DATASET CONTENT.
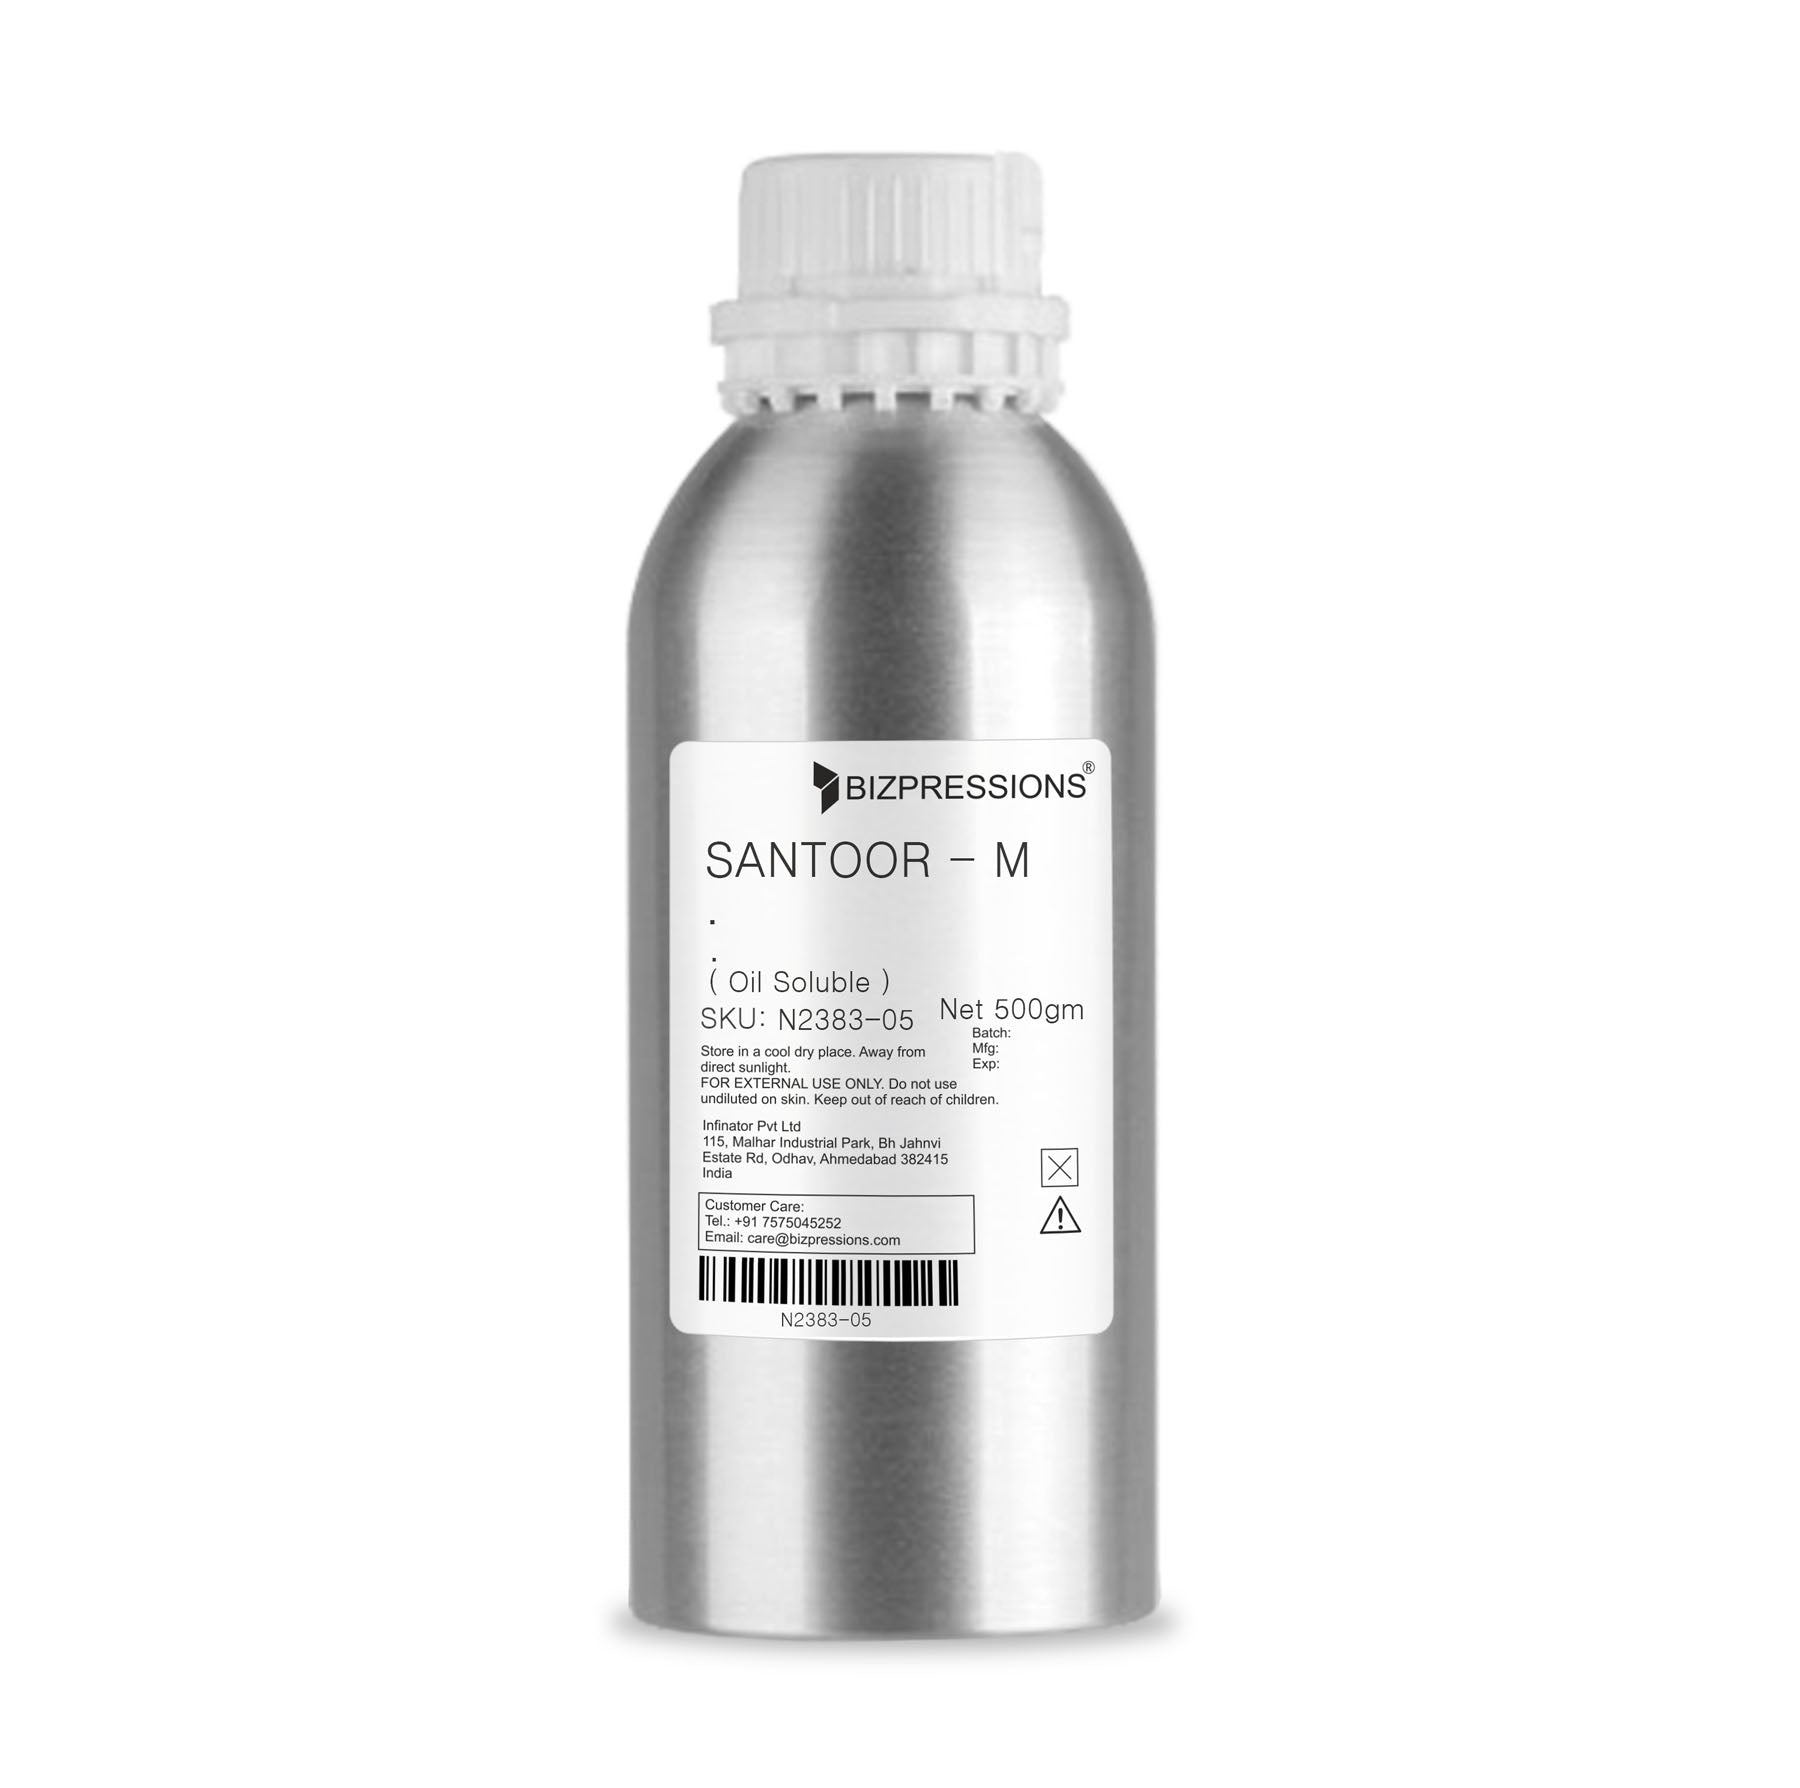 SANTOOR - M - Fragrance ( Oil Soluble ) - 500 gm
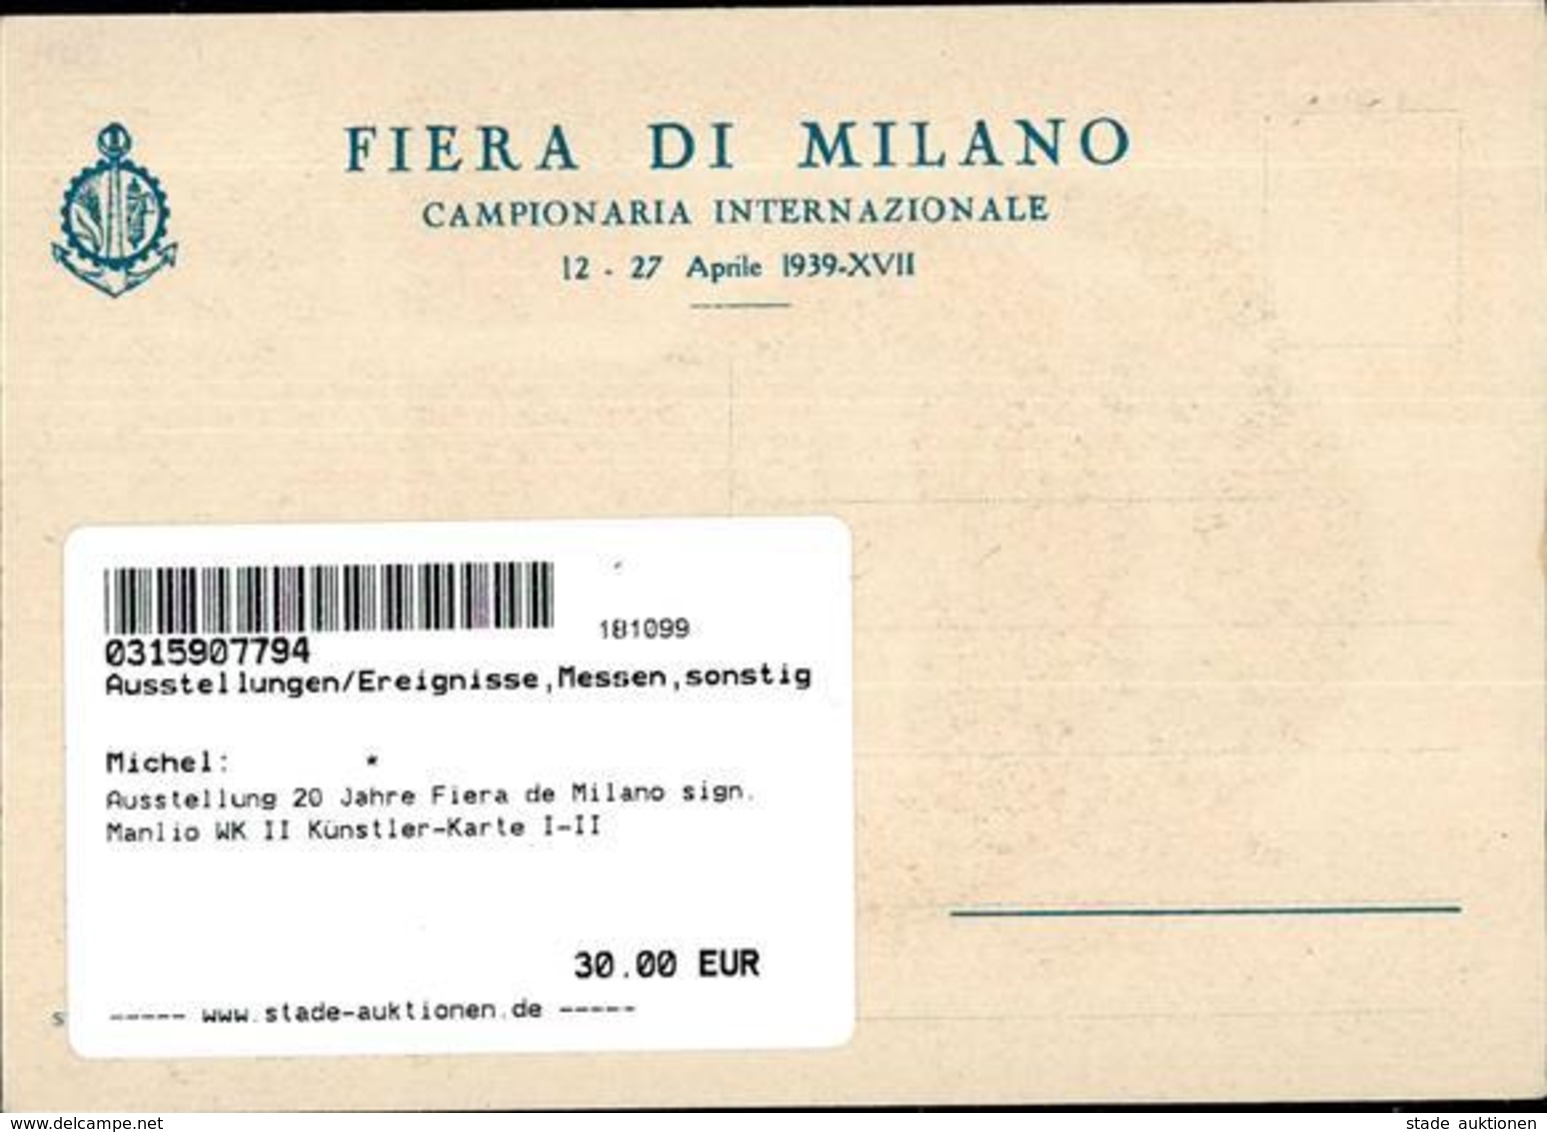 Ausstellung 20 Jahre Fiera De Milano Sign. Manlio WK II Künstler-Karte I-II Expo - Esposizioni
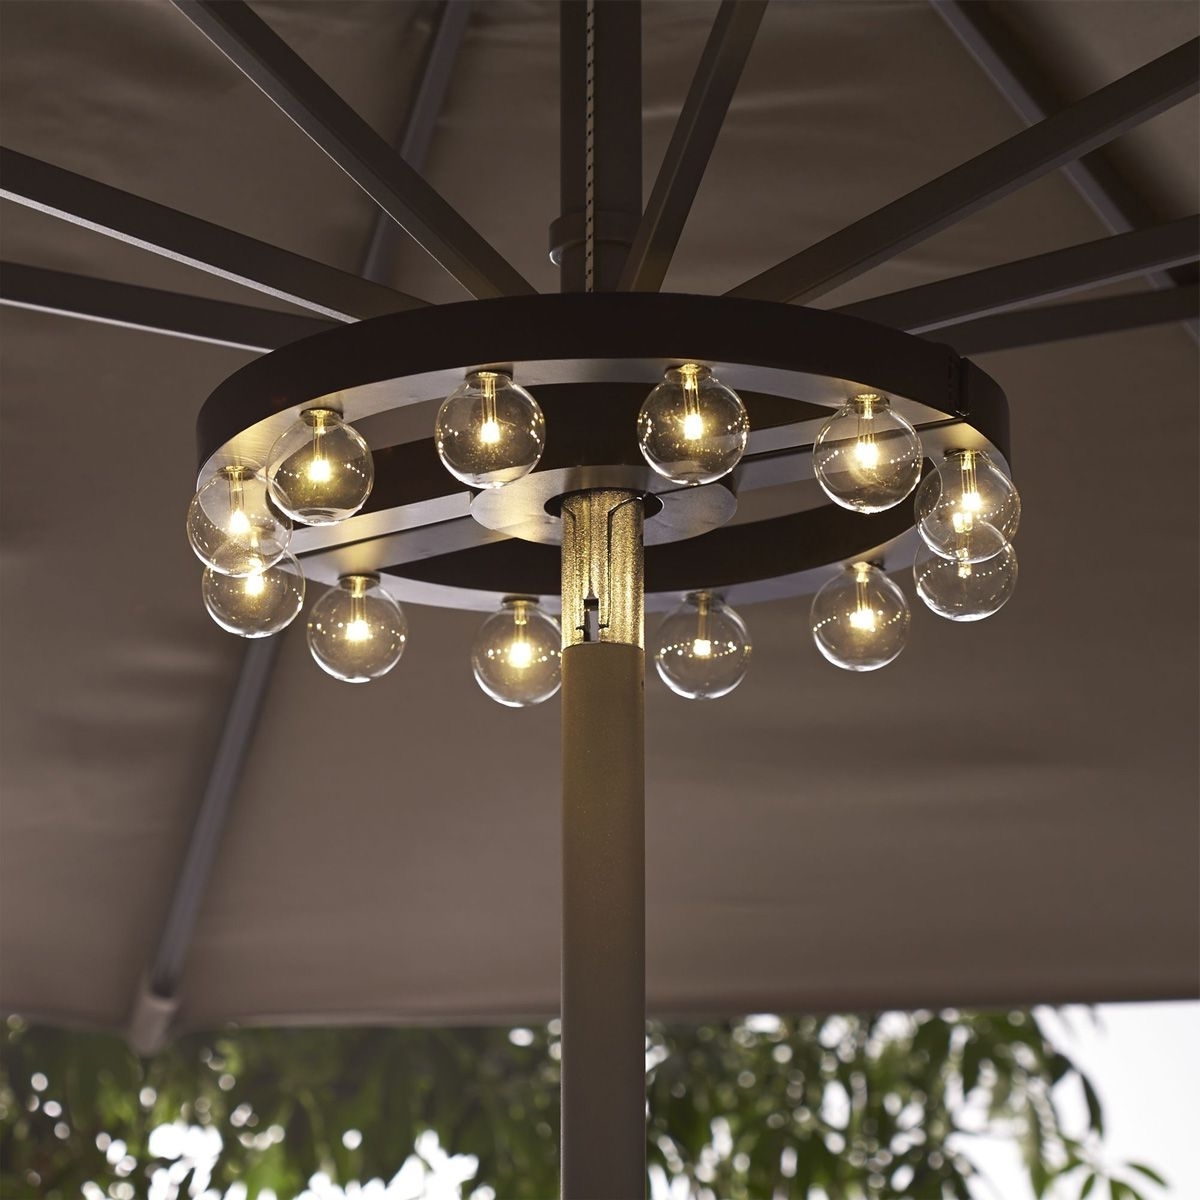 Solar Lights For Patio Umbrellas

WORK REQUIRED.
Ignore the images and quote every line of the listing exactly.

RESULT.
 SANTOOR - M - Fragrance ( Oil Soluble ) - 500 gm
 Ausstellung 20 Jahre Fiera De Milano Sign. Manlio WK II Künstler-Karte I-II Expo - Esposizioni
 Solar Lights For Patio Umbrellas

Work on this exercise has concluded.